Ok, let’s try an interactive map, using the total number of applicants for the six years that the course has been offered. This map let us zoom in, see the name of each country and number of applicants per country.

Code
library(dplyr)
library(sf)
library(rnaturalearth)
library(leaflet)
library(viridis)
library(readxl)

participants <- readxl::read_excel("BVBD Applicants Merged.xlsx")

# Count the number of applicants per country
applicants_summary <- participants %>%
  group_by(Country) %>%
  summarise(Applicants = n()) %>%
  ungroup()

# Get world countries' spatial data
world <- ne_countries(scale = "medium", returnclass = "sf")

# Merge applicants data with spatial data
world_with_applicants <- world %>%
  left_join(applicants_summary, by = c("name" = "Country"))

# Assuming the majority of your data points are in the lower range (e.g., 1-10),
# and you want to ensure these differences are visible, adjust the domain accordingly
# Here, we manually define the domain to ensure the lower counts are differentiated
min_applicants <- min(world_with_applicants$Applicants, na.rm = TRUE)
max_applicants <- max(world_with_applicants$Applicants, na.rm = TRUE)

# Define a color palette function based on the number of applicants
qpal <- colorNumeric(palette = "viridis", domain = c(min_applicants, max_applicants), na.color = "lightgrey")

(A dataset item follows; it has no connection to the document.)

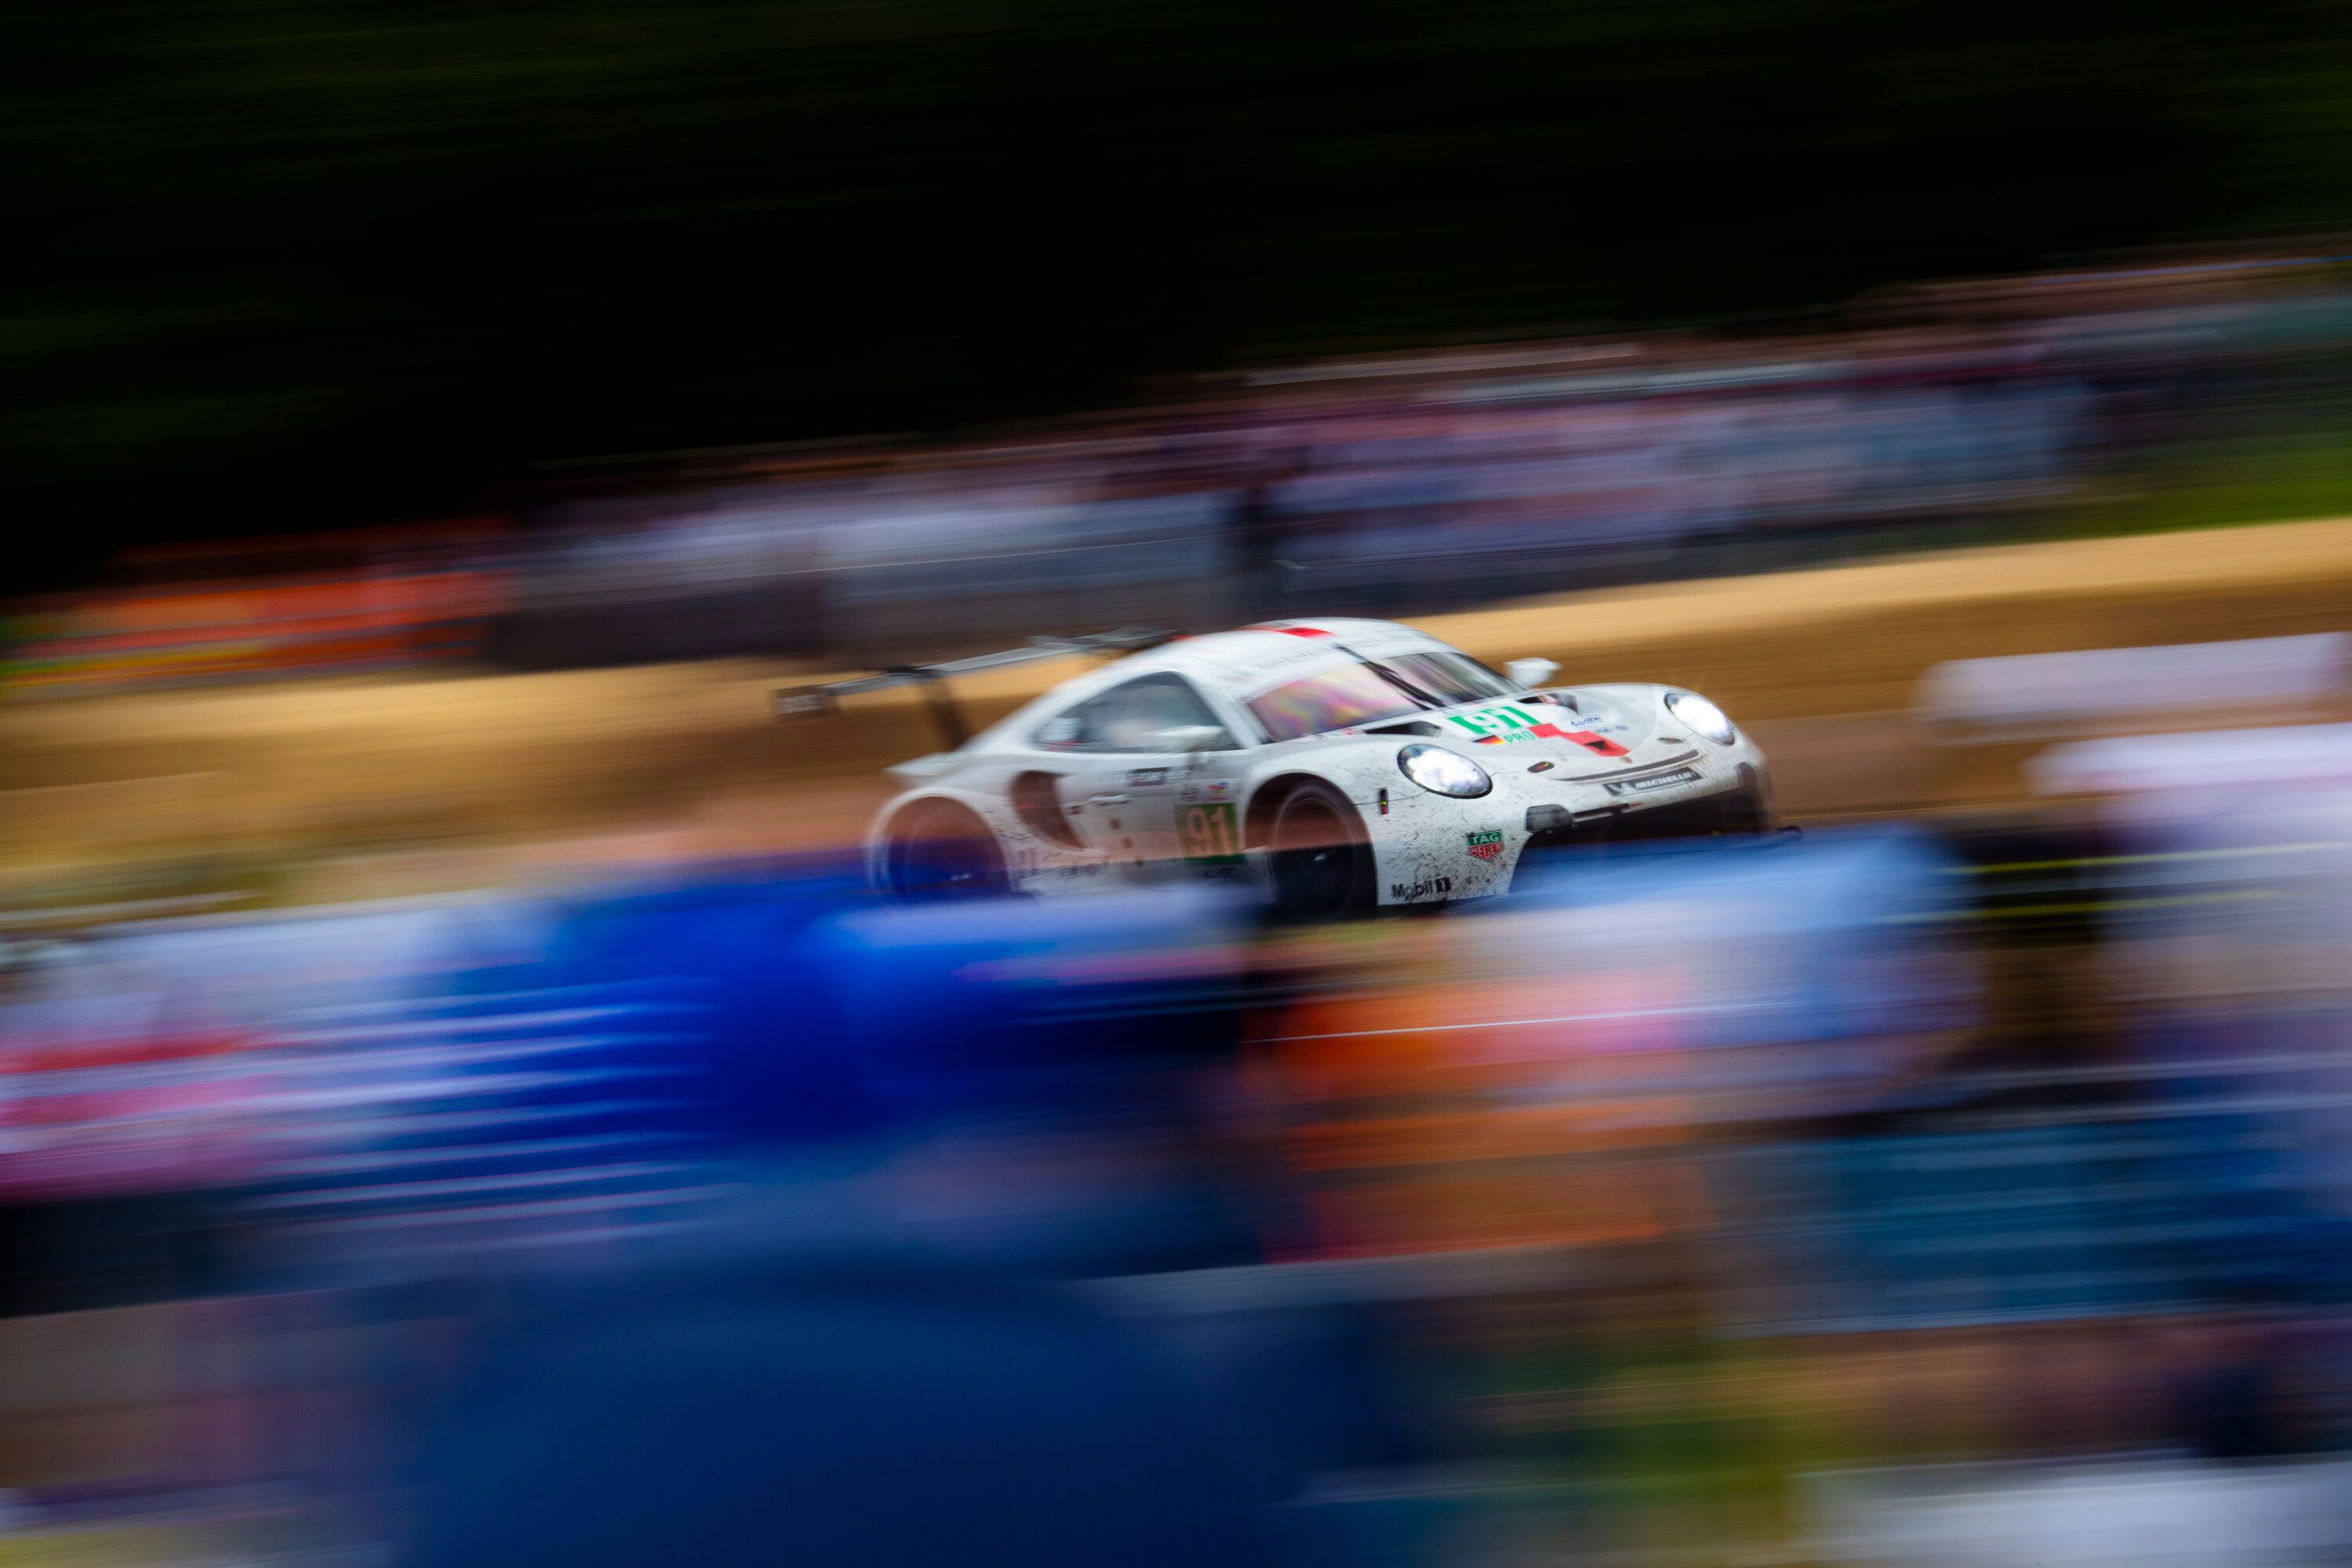 Goodwood Festival of Speed.Goodwood, Engalnd.23rd - 26th June 2022.Photo: Drew Gibson

# Create the leaflet map with enhanced highlight functionality
leaflet(world_with_applicants) %>%
  addProviderTiles(providers$CartoDB.Positron) %>%
  addPolygons(fillColor = ~qpal(Applicants),
              color = "#2b2b2b",  # Default outline color
              fillOpacity = 0.7,
              weight = 0.5,  # Default outline weight
              popup = ~paste(name, "<br>", "Applicants: ", Applicants),
              highlightOptions = highlightOptions(weight = 5,  # Thicker outline when highlighted
                                                  color = "#FFFF00",  # Bright yellow outline when highlighted
                                                  fillOpacity = 0.7,
                                                  bringToFront = TRUE)) %>%
  addLegend(pal = qpal, values = ~Applicants,
            title = "Number of Applicants",
            position = "bottomright") %>%
  setView(lat = 0, lng = 0, zoom = 2)

Figure 3. Interactive map of global distribution of applicants, with information per country.

Let’s dive even further. Let’s try a 3D world map.

Code
library(plotly)
library(dplyr)
library(countrycode)

# Aggregating the number of applicants per country
applicants_summary <- participants %>%
  group_by(Country) %>%
  summarise(Applicants = n()) %>%
  ungroup()

# Adding ISO country codes to 'applicants_summary' for Plotly
applicants_summary$CODE <- countrycode(applicants_summary$Country, "country.name", "iso3c")

# Handling missing or incorrect country names
applicants_summary <- na.omit(applicants_summary)

# Specify map projection and options
g <- list(
     showframe = FALSE,
     showcoastlines = FALSE,
     projection = list(type = 'orthographic'),
     resolution = '100',
     showcountries = TRUE,
     countrycolor = '#d1d1d1',
     showocean = TRUE,
     oceancolor = '#c9d2e0',
     showlakes = TRUE,
     lakecolor = '#99c0db',
     showrivers = TRUE,
     rivercolor = '#99c0db')

# Plotting with simplified trace
p <- plot_geo(applicants_summary, locations = ~CODE, text = ~paste(Country, '<br>Applicants: ', Applicants),
              marker = list(size = ~sqrt(Applicants) * 2, color = ~Applicants, colorscale = 'Reds', line = list(color = "#d1d1d1", width = 0.5))) %>%
     colorbar(title = 'Number of Applicants') %>%
     layout(title = 'Number of Applicants Per Country', geo = g)

p

Figure 4. Interactive map (3D) of global distribution of applicants, per country.

Conclusions

The type of visualization certainly depends on the purpose it is going to serve. For example, Figures 1 and 2 are best suited for a publication or poster, where interactivity is not possible. For a webpage, Figures 3 and 4 are more appealing and draw more attention from the viewer, enabling the possibility to examine specific countries with precise data presented upon request.